[Problem description]
Omit any picture, and return the remaining data exactly as written.
+++ Data provided
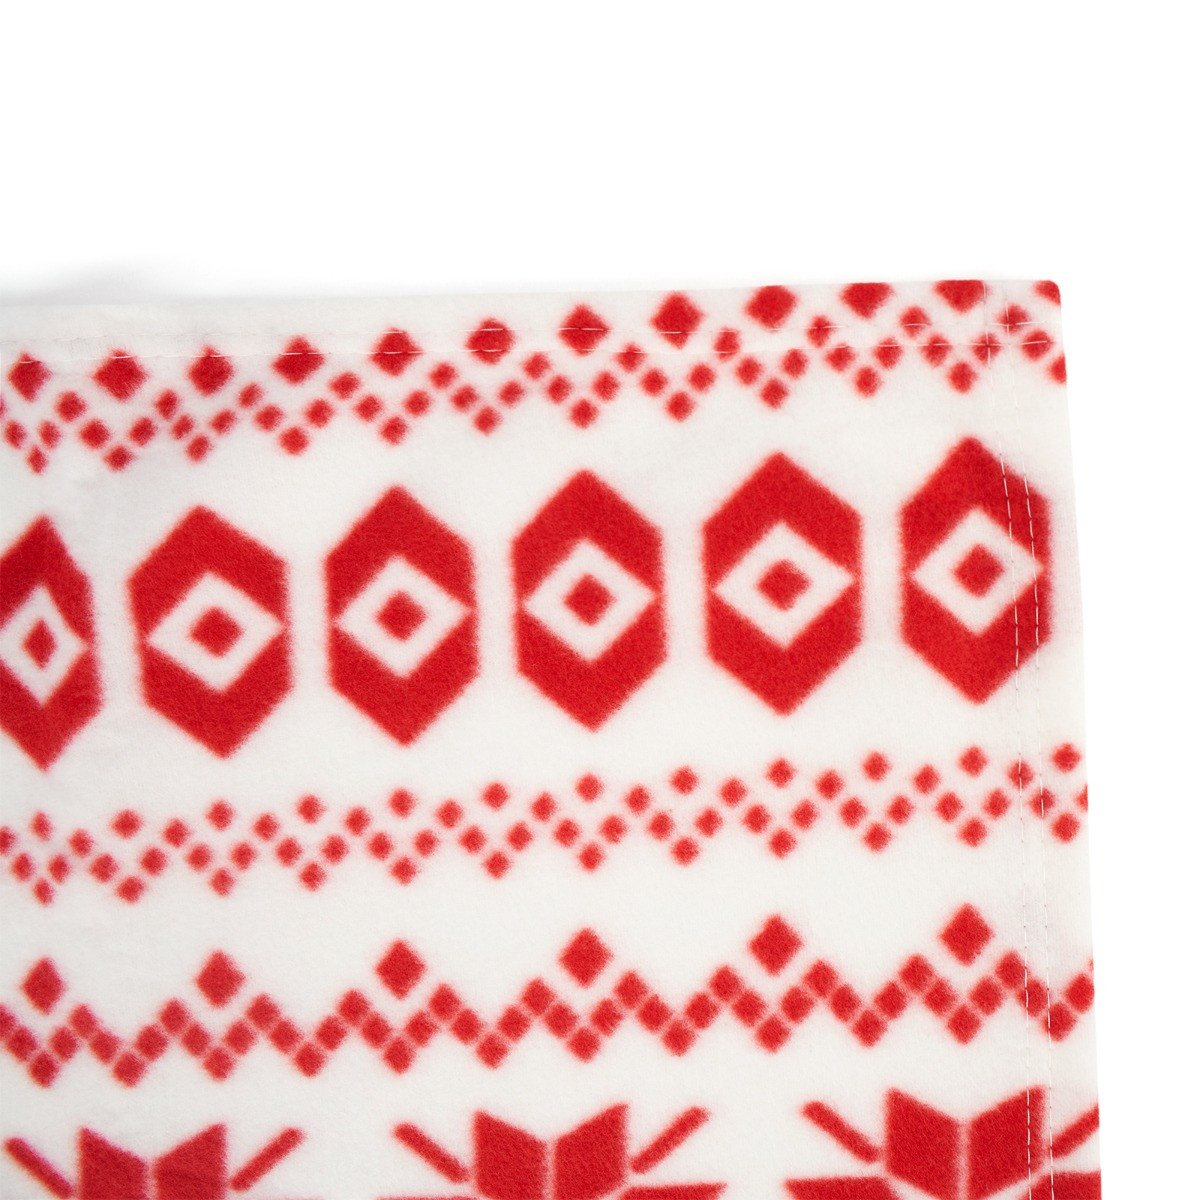 OHS Christmas Nordic Star Fleece Throw - Red/White>
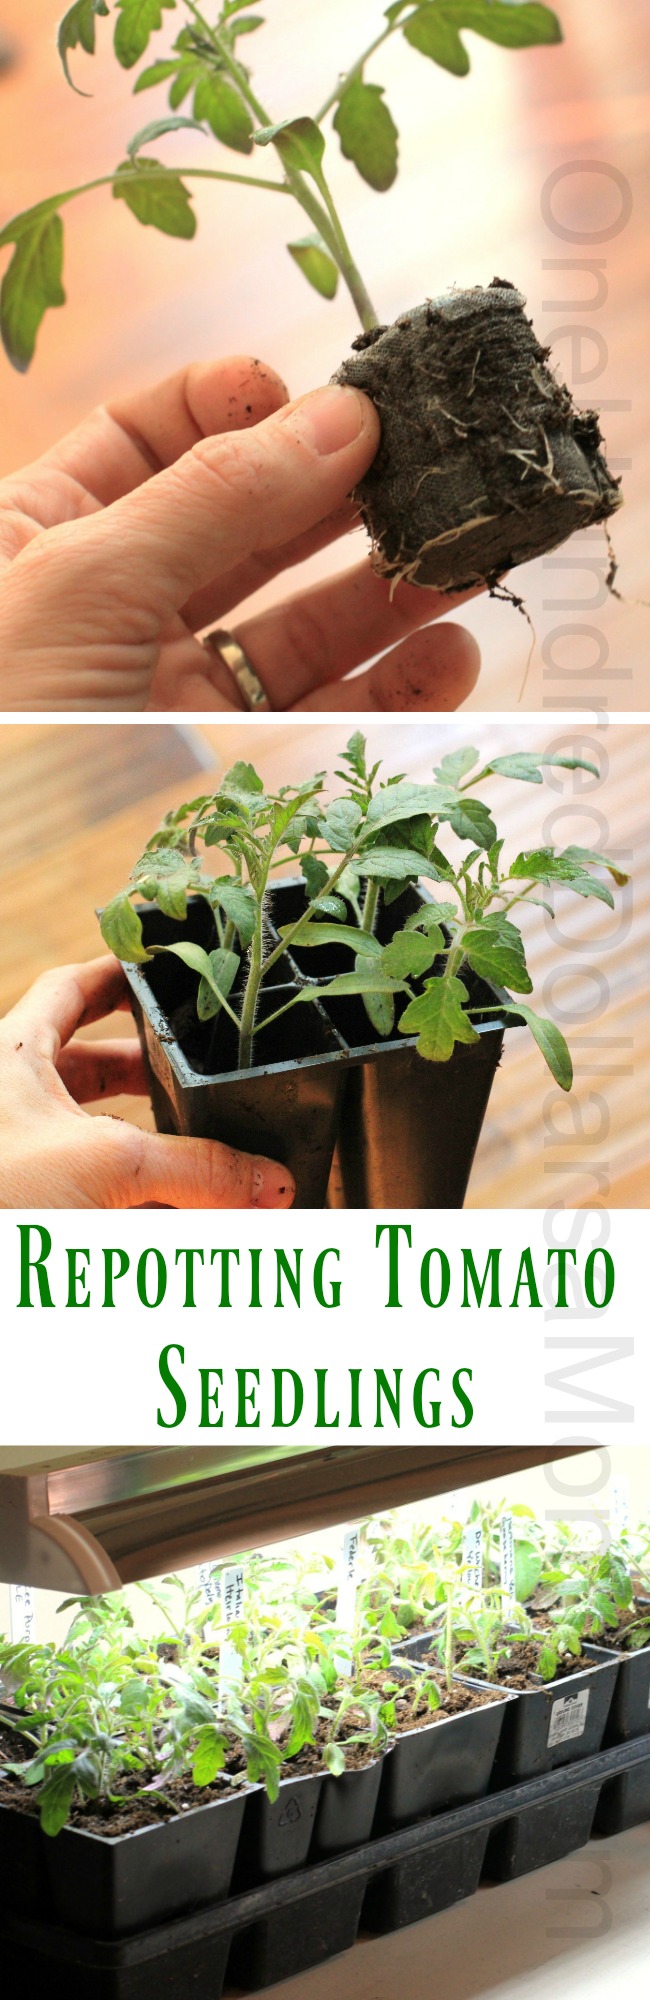 How to Grow Your Own Food: Repotting Tomato Seedlings
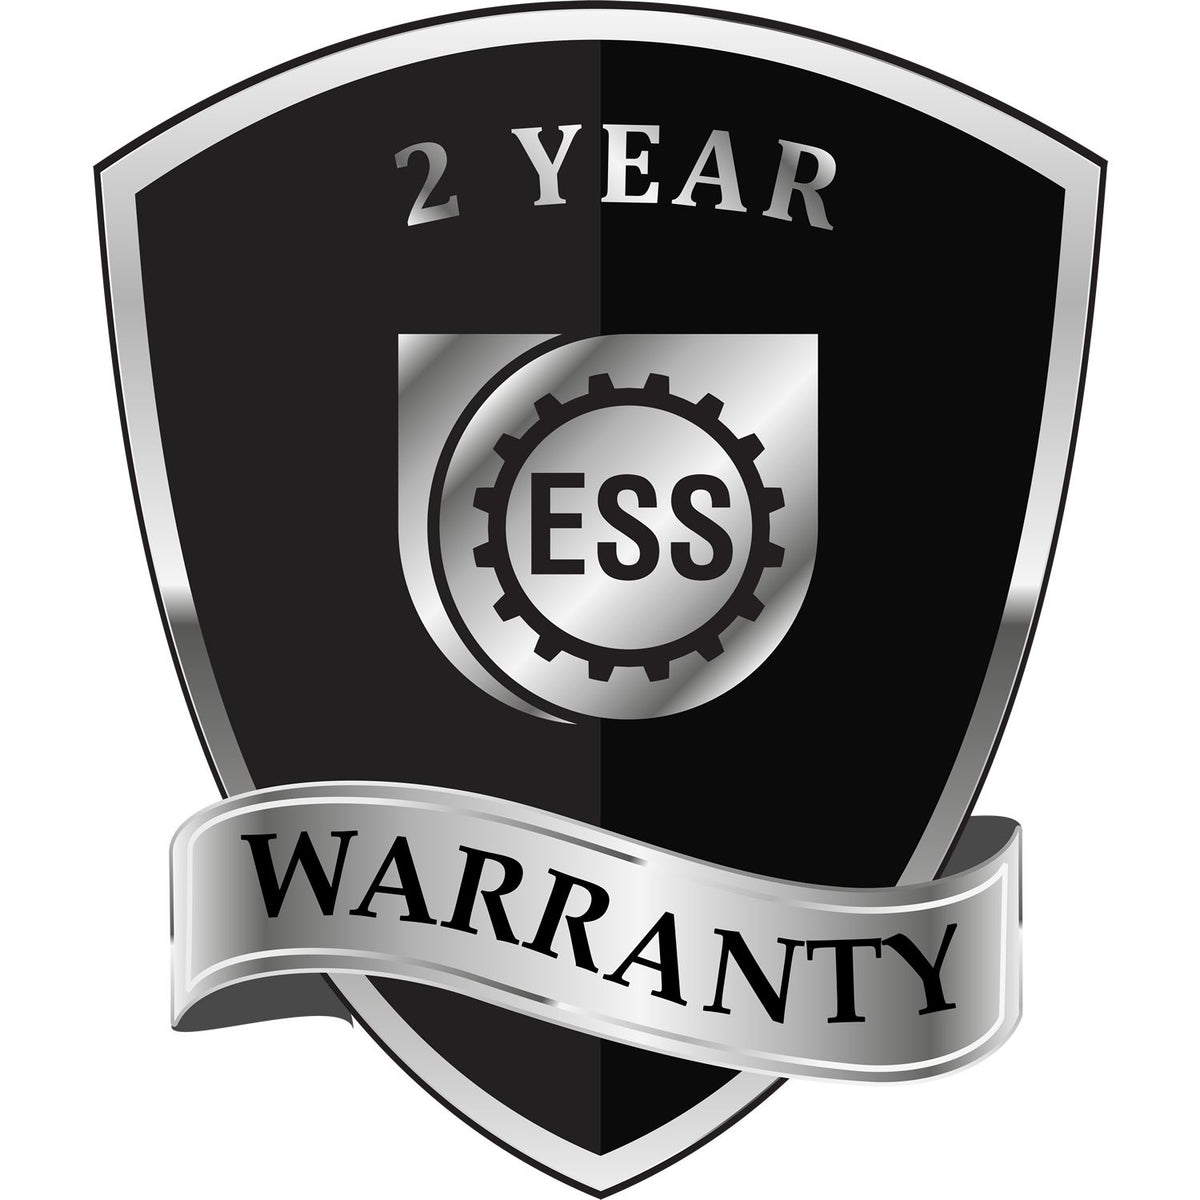 A black and silver badge or emblem showing warranty information for the Soft Vermont Professional Geologist Seal
++++++
[Exercise solution]
 OHS Christmas Nordic Star Fleece Throw - Red/White>
 How to Grow Your Own Food: Repotting Tomato Seedlings
 A black and silver badge or emblem showing warranty information for the Soft Vermont Professional Geologist Seal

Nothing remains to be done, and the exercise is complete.